"Ada apa sih, Dek? Kok kamu menangis?" tanyaku. Aku khawatir terjadi apa-apa dengan Sari.
"Uhu..uhu...uhu...!" Sari hanya menangis, namun tidak ada air yang ke luar dari matanya. Dia menatapku tajam.
Aku semakin bingung. Karena bukan sekali itu Sari berbuat seperti itu. Selama satu bulan kami menikah sudah tiga kali dia memecahkan piring dan menangis tanpa air mata.
Pernah suatu malam dia menangkap seekor kucing yang naik ke atas tempat tidur. Kucing itu ditangkapnya, lalu dia masukkan ke dalam kulkas. Seekor kucing itu mati membeku keesokan harinya.
Namun aku masih bersyukur dalam hal hubungan ranjang, Sari tidak pernah berbuat aneh. Dia sama saja dengan wanita lain pada umumnya. Hanya saja dia tidak menunjukkan reaksi yang binal. Tapi aku memakluminya, aku pun tidak menuntut yang macam-macam kepada Sari dalam hal hubungan ranjang.

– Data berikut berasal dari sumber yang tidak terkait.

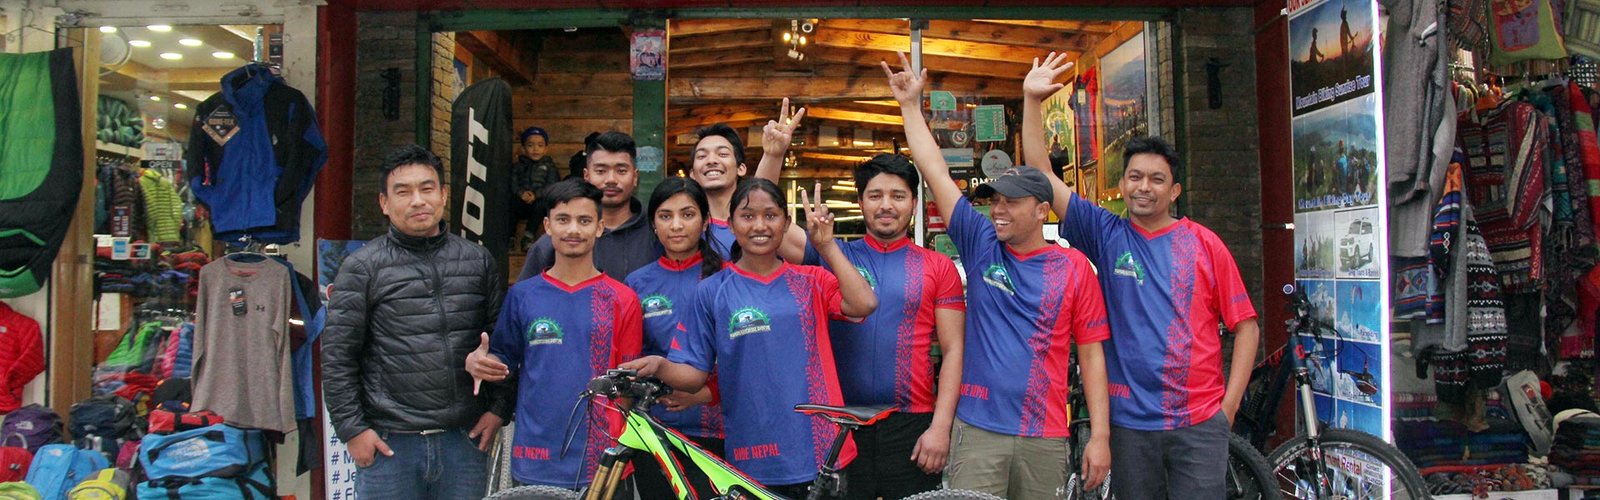 Pokhara Mountain Bike Team.

Karena melihat kejanggalan yang ada pada diri Sari, aku putuskan untuk bertemu dengan orang tuanya.
Selama satu bulan aku menikah dengan Sari, aku memang jarang berbicara dengan mertuaku. Aku berbicara dengan mertuaku hanya saat menjelang aku menikah dengan Sari. Karena sehari-hari aku disibukkan untuk meneruskan usaha toko sembako grosir  peninggalan orang tuaku.

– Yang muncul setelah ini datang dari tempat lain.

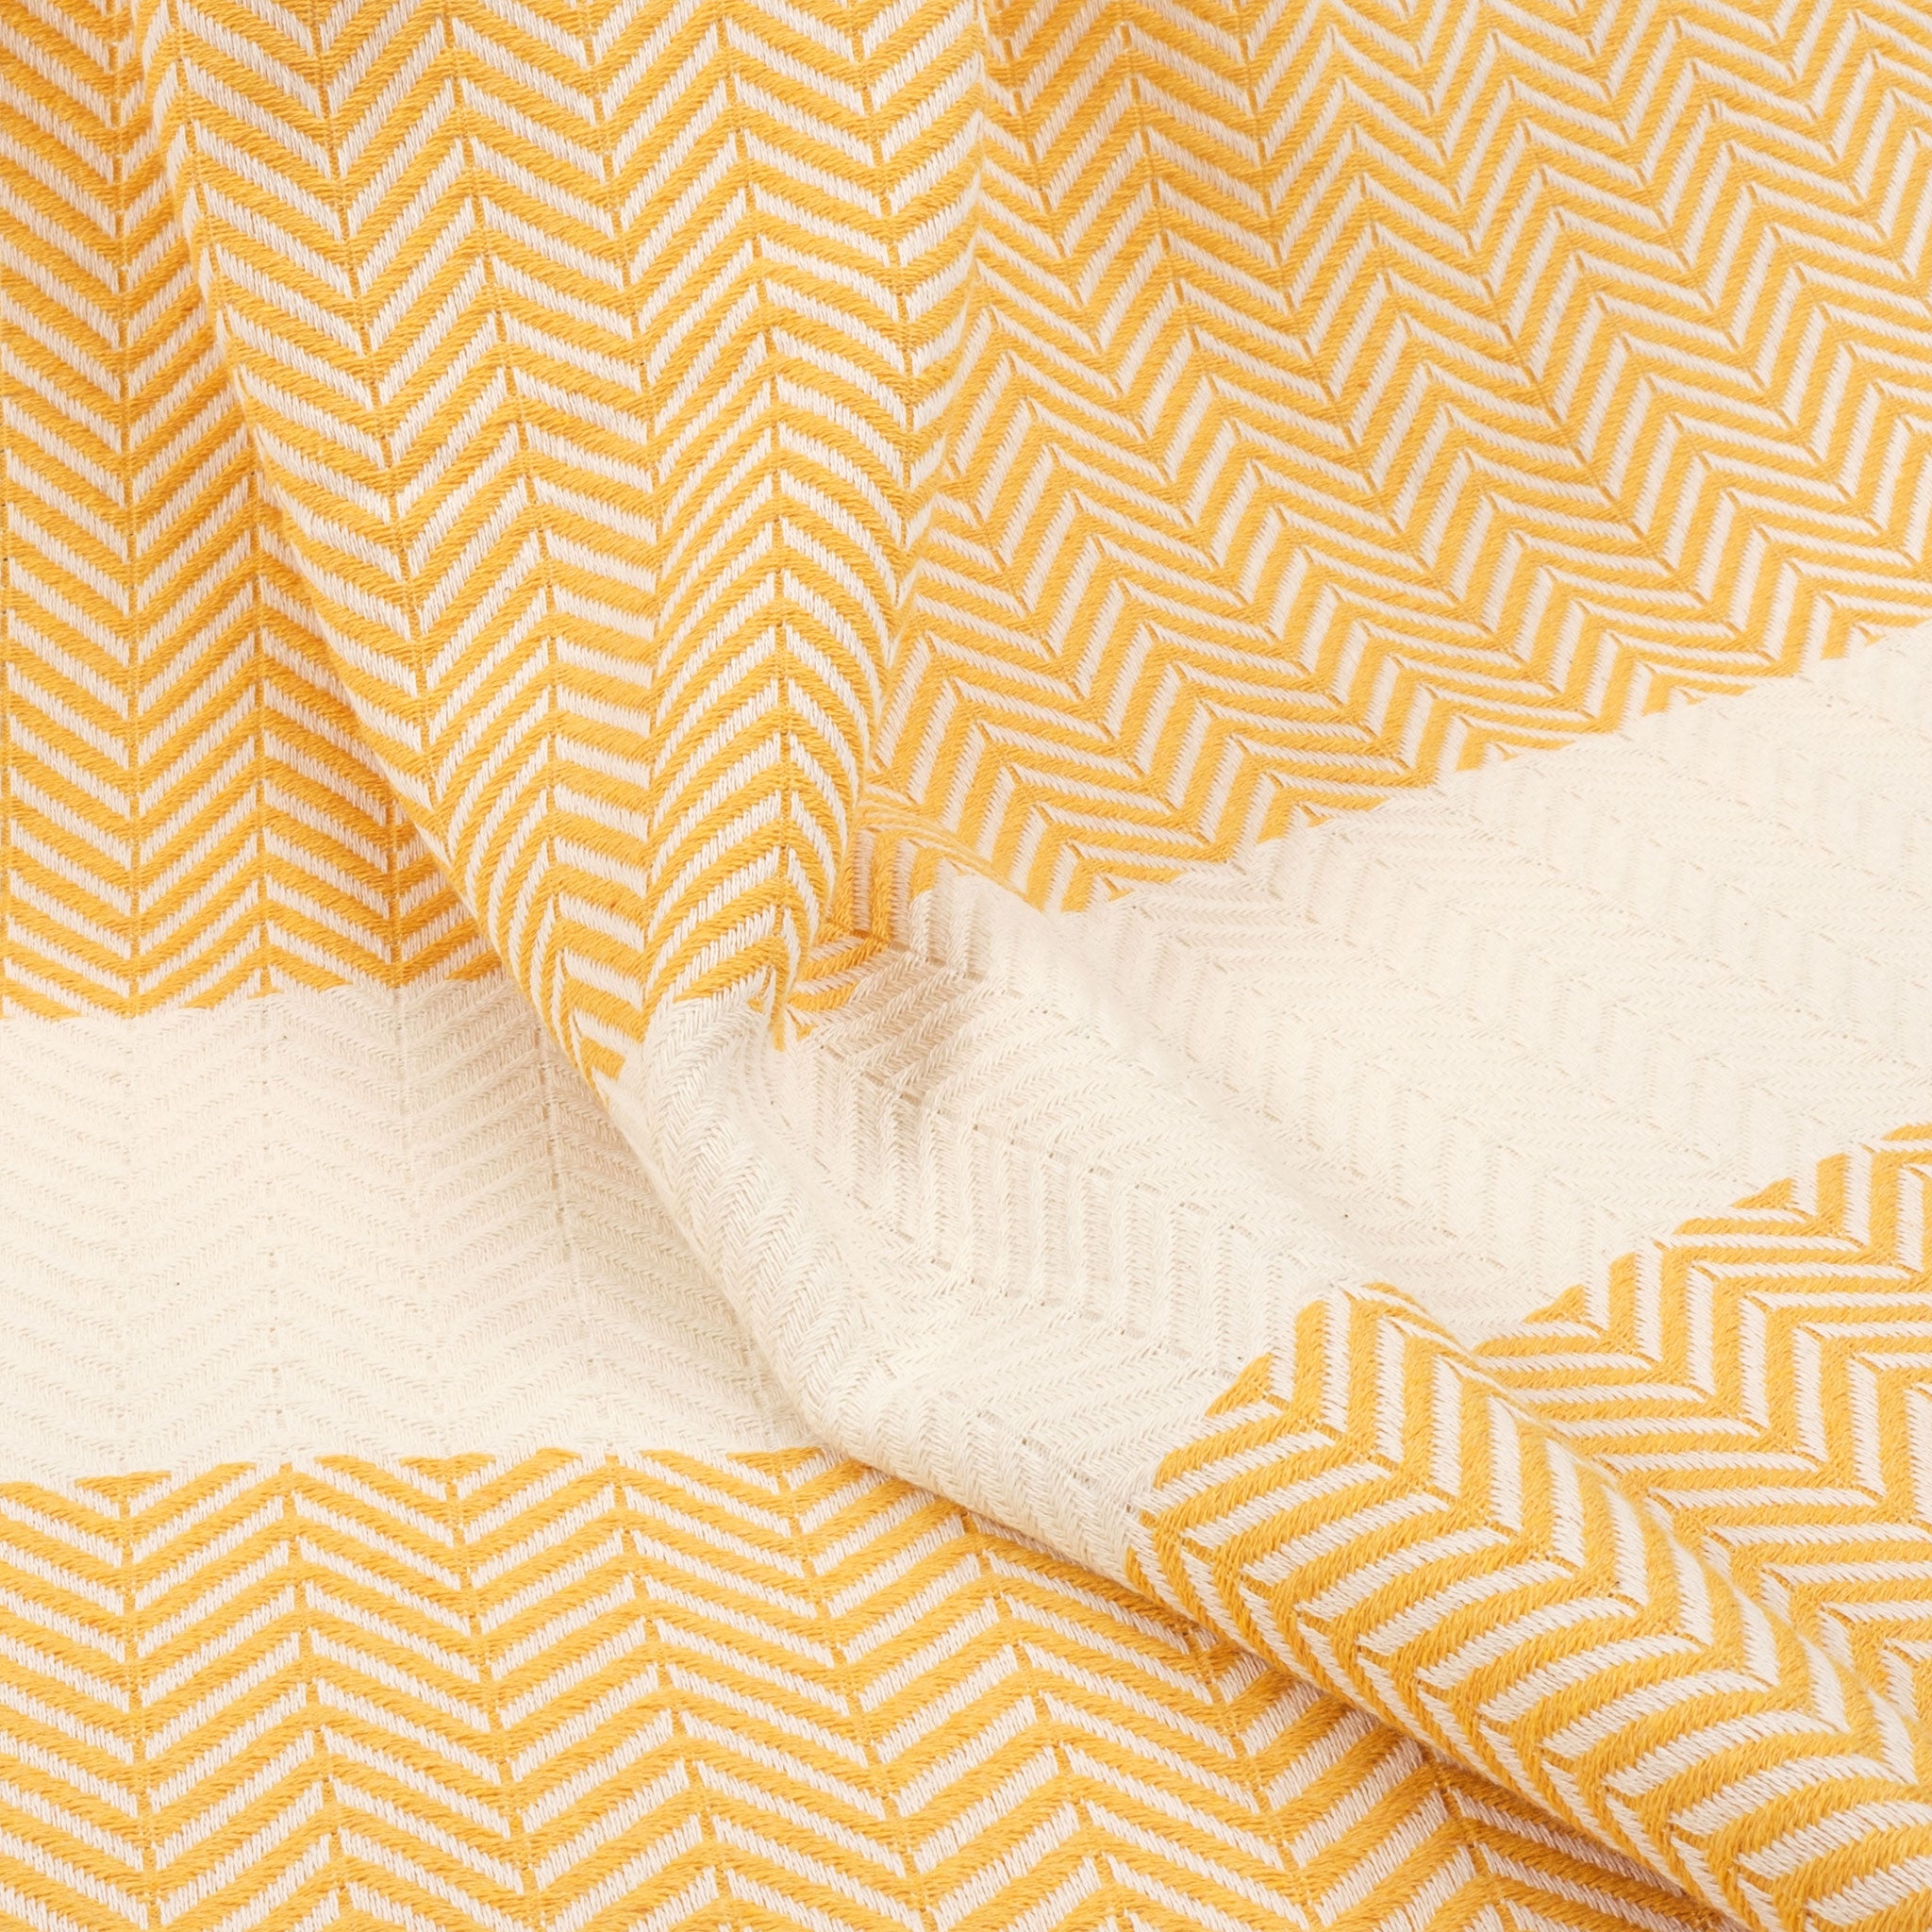 American Soft Linen - 100% Cotton Turkish Peshtemal Towels - 44 Set Case Pack - Yellow - 2

Selama sebulan aku menikah belum ada waktu untuk bertemu dengan mertuaku. Kebetulan rumah kami dengan mertua memang lumayan jauh.
"Pak, kenapa Sari sering berlaku aneh, Ya?" tanyaku kepada mertuaku pada suatu sore.
"Aneh seperti apa ya, Sani?" Mertuaku balik bertanya.
Aku menatap wajah mertuaku yang rambut dan kumisnya sudah memutih. Kemudian aku menceritakan kelakuan yang tak wajar dari Sari selama kami menikah.